- Born: Jenny Zhenqi Zhang
- Education: University of Sydney
- Awards: RSC Felix Franks Biotechnology Medal, 2020
- Scientific career
- Workplaces: University of Sydney Hebrew University of Jerusalem University of Cambridge
- Thesis: Enhancing the Tumour Penetration of Anti-Cancer Platinum Complexes (2011)
- Doctoral advisor: Trevor Hambley
- Website: www.ch.cam.ac.uk/group/zhang/person/jz366

= Jenny Zhang (chemist) =

Australian chemist

Jenny Zhenqi Zhang is an Australian-British chemist and Biotechnology and Biological Sciences Research Council David Phillips Research Fellow of the Department of Chemistry, University of Cambridge, where she is also a Fellow of Corpus Christi College (2019-present). She was awarded the 2020 Royal Society of Chemistry Felix Franks Biotechnology Medal for her research into re-wiring photosynthesis to provide sustainable fuel sources.

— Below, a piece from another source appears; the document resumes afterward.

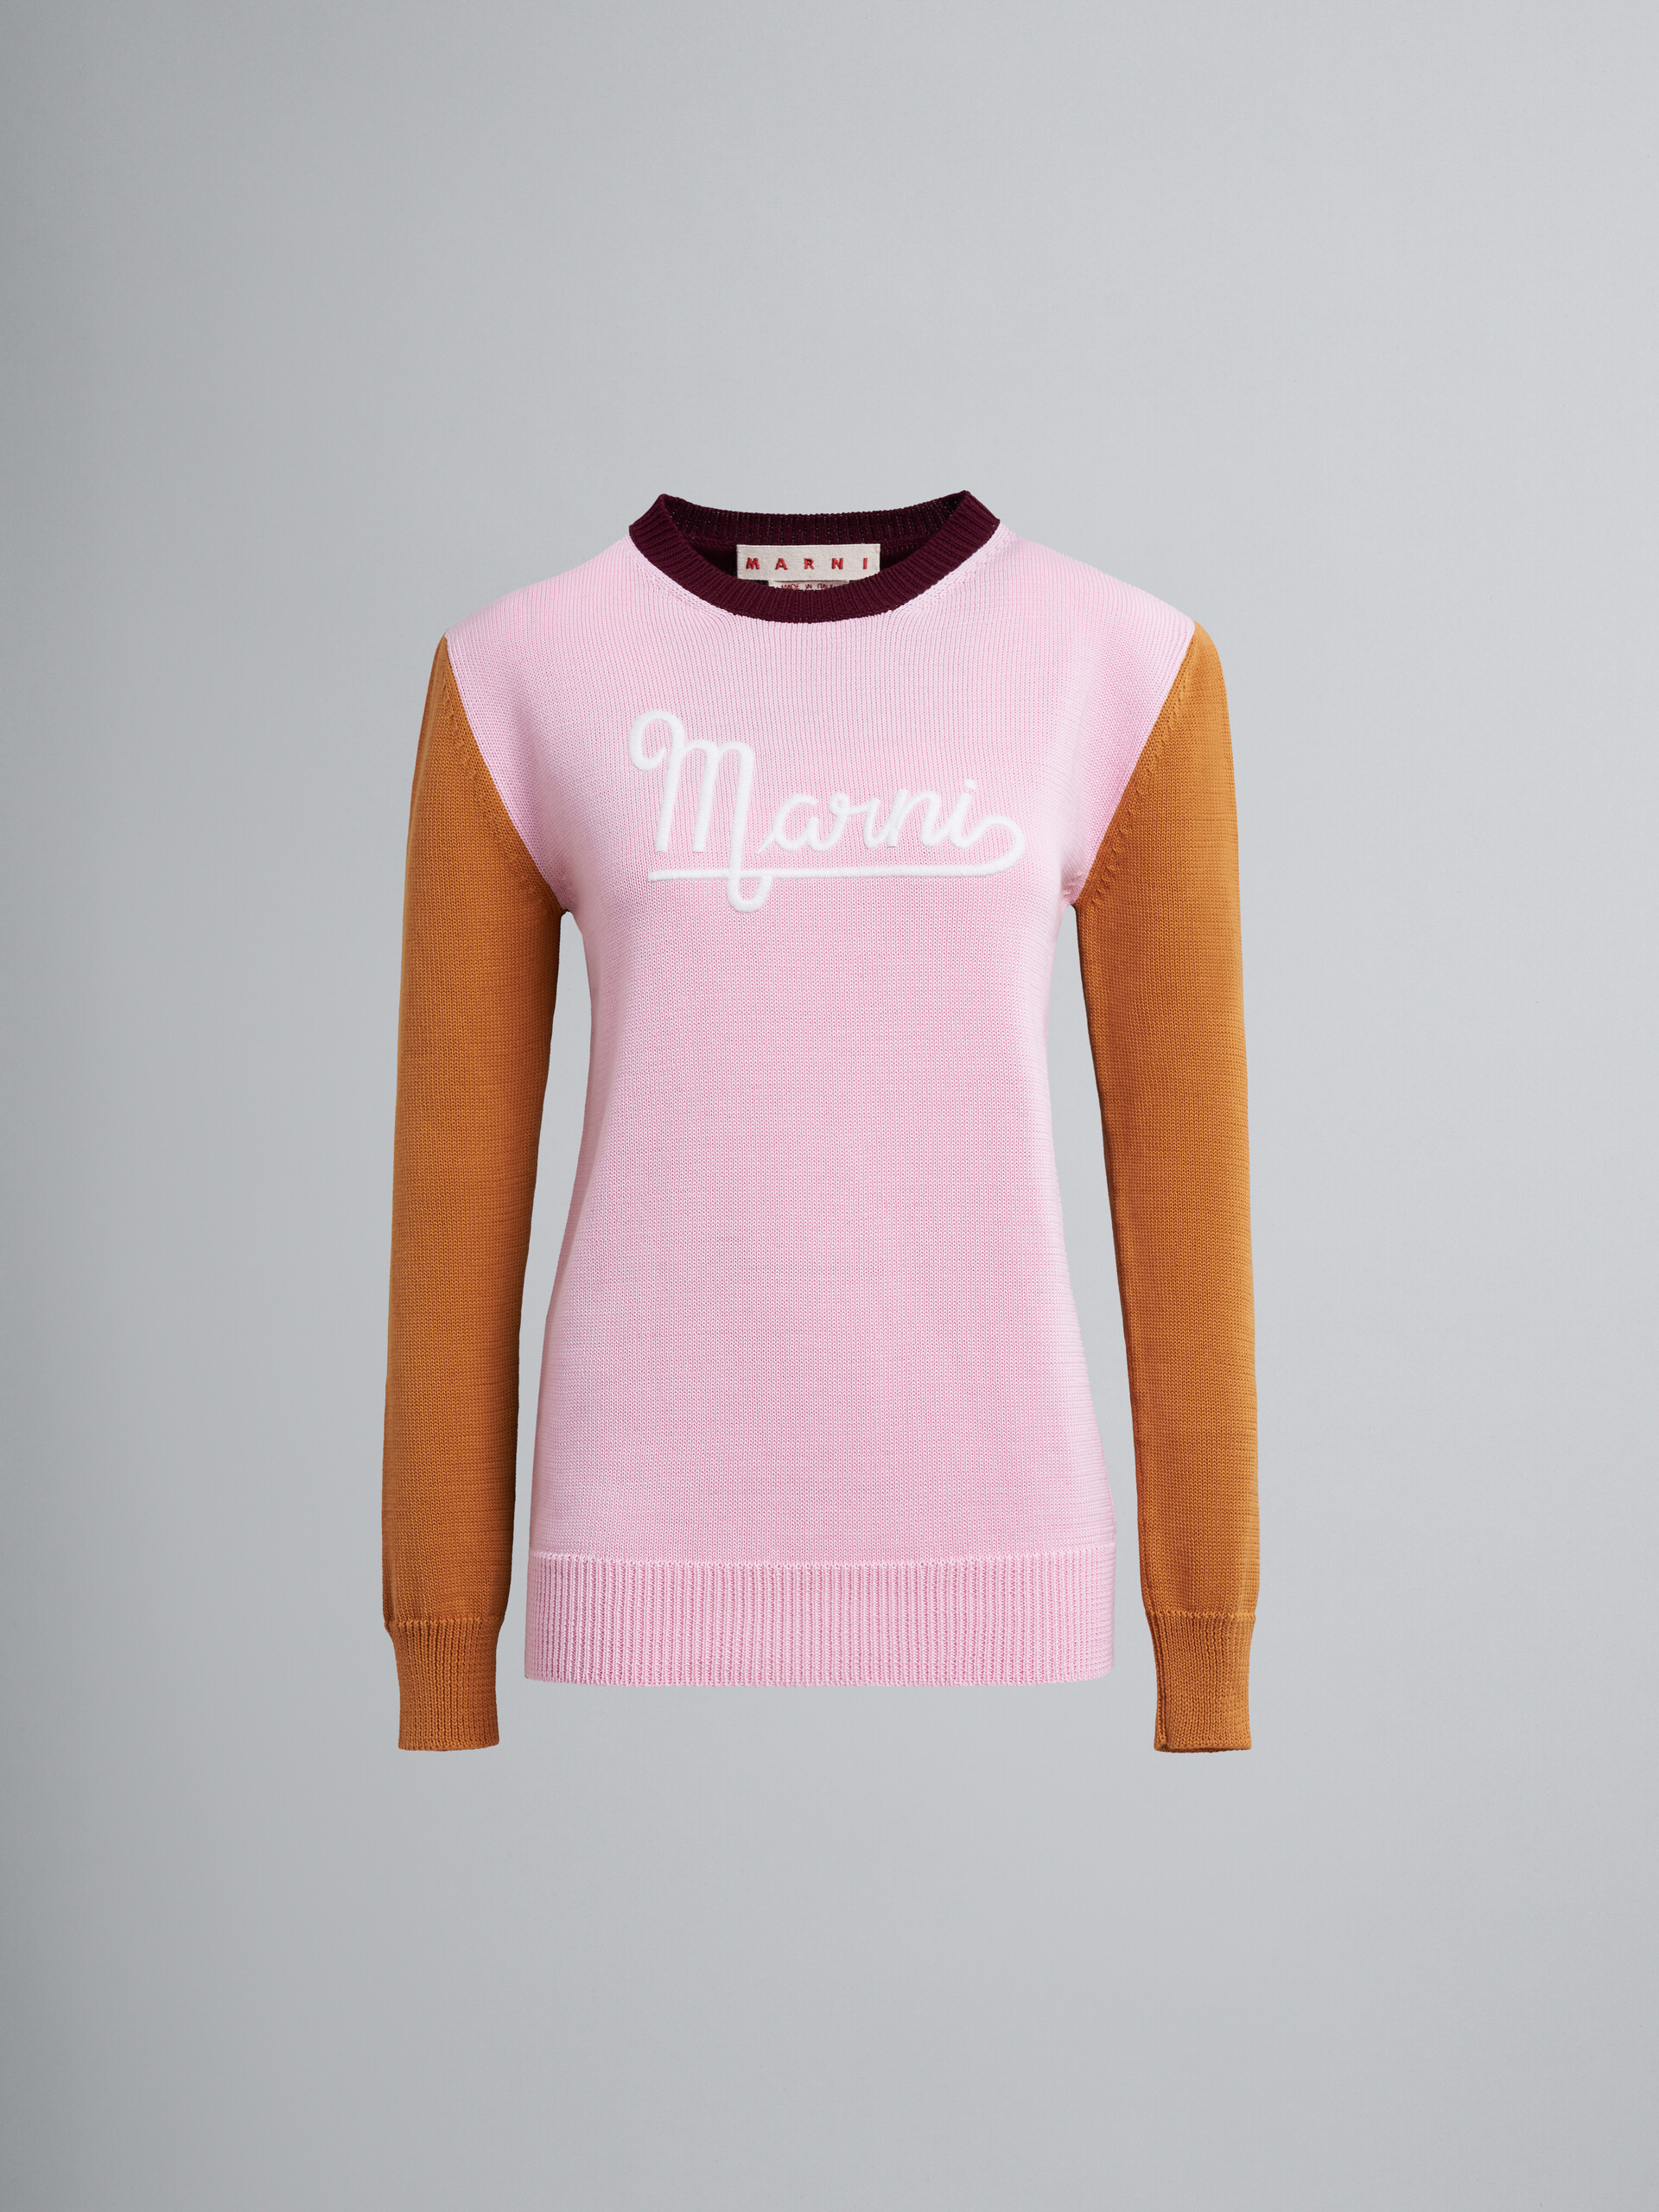 Long-sleeved logo bio cotton sweater - Pullovers - Image 1

==Early life and education==
Zhang was born in China, and moved to Gosford, Australia at age eight. She credits her mother's stories explaining the scientific basis of various phenomena with stimulating her interest in science. She moved to Sydney to attend the University of Sydney, where she completed a Bachelor of Science (Advanced) in 2007 and a PhD in Chemistry under the supervision of Professor Trevor Hambley in 2011. During her PhD, Zhang also briefly worked at the Hebrew University of Jerusalem.

==Career and research==
Zhang's doctoral research was in the area of bioinorganic chemistry, and she worked on the development of a platinum-based library of chemotherapeutic candidates featuring anthraquinone ligands and redox activity. This involved using a variety of imaging techniques (including those based on synchrotron radiation) to study the biological distributions and metabolism of the chemotherapeutics in 3D solid tumour models, and synthetic strategies to generate new examples of such complexes.

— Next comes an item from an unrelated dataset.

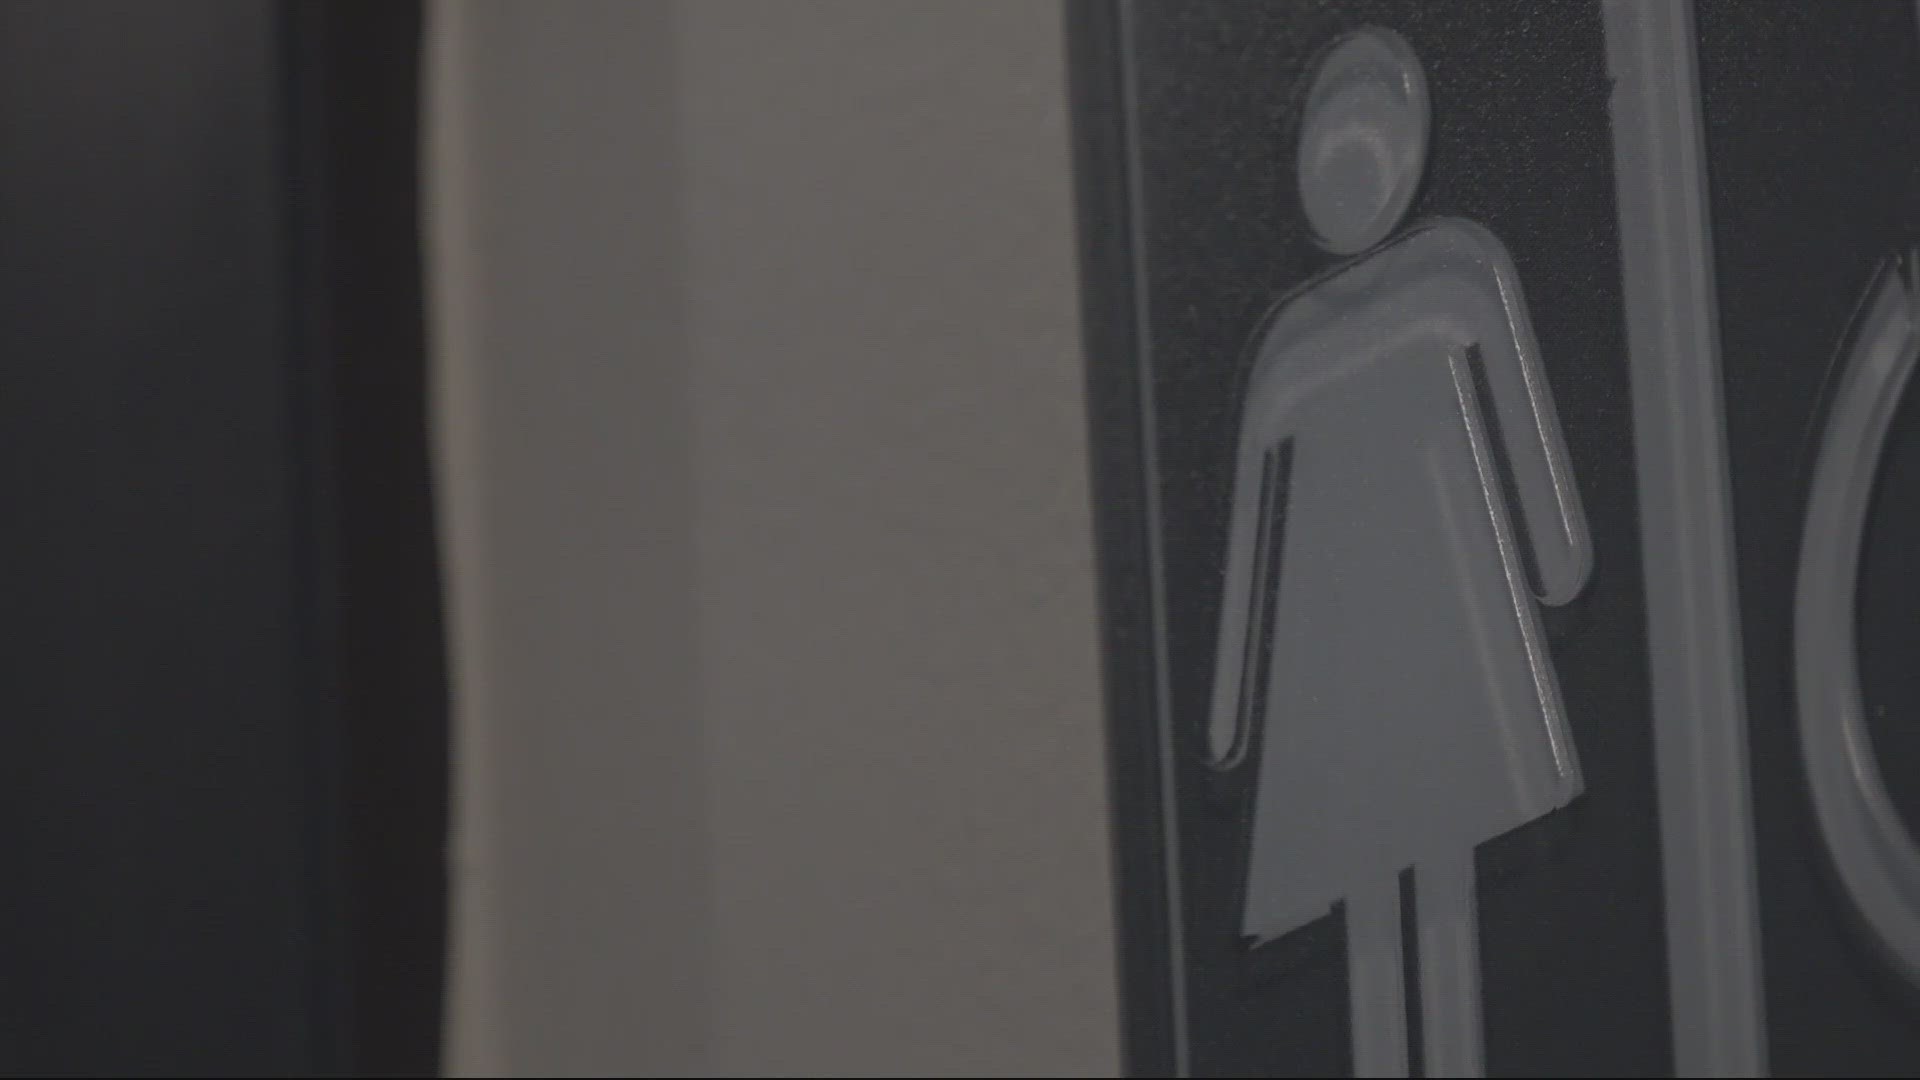 It would require people to use the bathroom belonging to their assigned sex at birth, not their gender identity.

Zhang sought a change in research field following her PhD, and in 2013 she joined the group of Professor Erwin Reisner at the University of Cambridge as a postdoctoral fellow after receiving a Marie Skłodowska-Curie International Fellowship, also becoming a Research Associate of St John's College. This brought her into sustainability research, in particular artificial photosynthesis. Her postdoctoral research involved developing ways to wire oxidoreductases to electrodes and use photosynthesis to generate a sustainable biofuel, especially photosystem II.

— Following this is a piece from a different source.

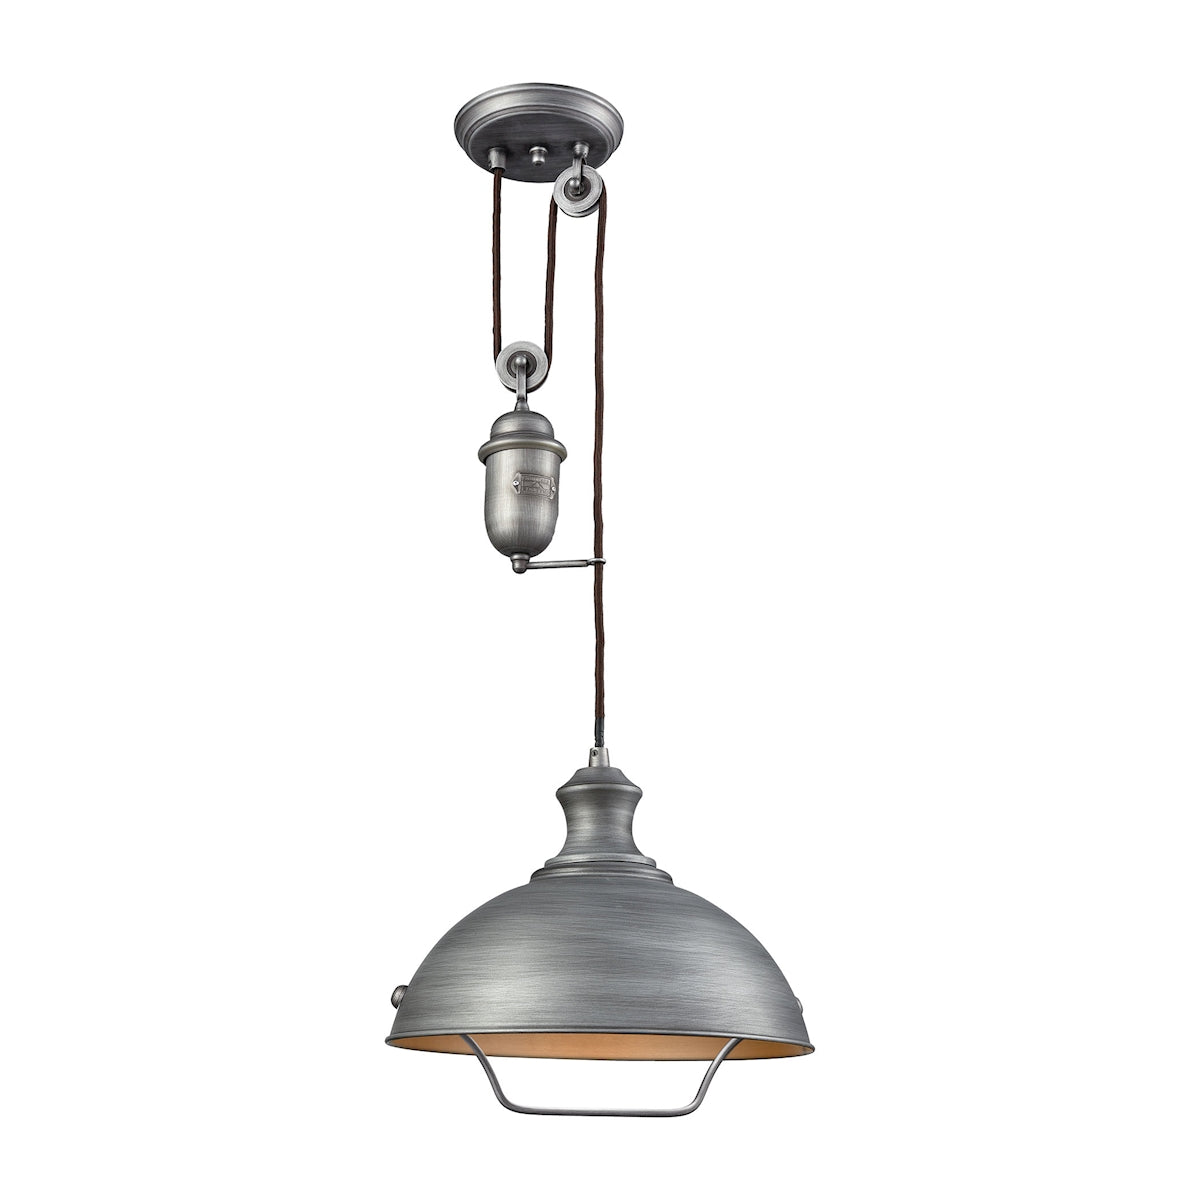 ELK Lighting 65161-1 Farmhouse 1-Light Adjustable Pendant in Weathered Zinc with Matching Shade

In 2018, Zhang was awarded a BBSRC David Phillips Fellowship to start her own, independent research group in the Department of Chemistry at Cambridge. In her independent career, she has continued to work on the re-wiring of photosynthesis but now focuses on doing so in live cells. She also became a Fellow of Corpus Christi College, where she is now Director of Studies in Natural Sciences Chemistry. Zhang was recognised for her contributions to semi-artificial photosynthesis with the award of the Felix Franks Biotechnology Medal from the RSC in 2020.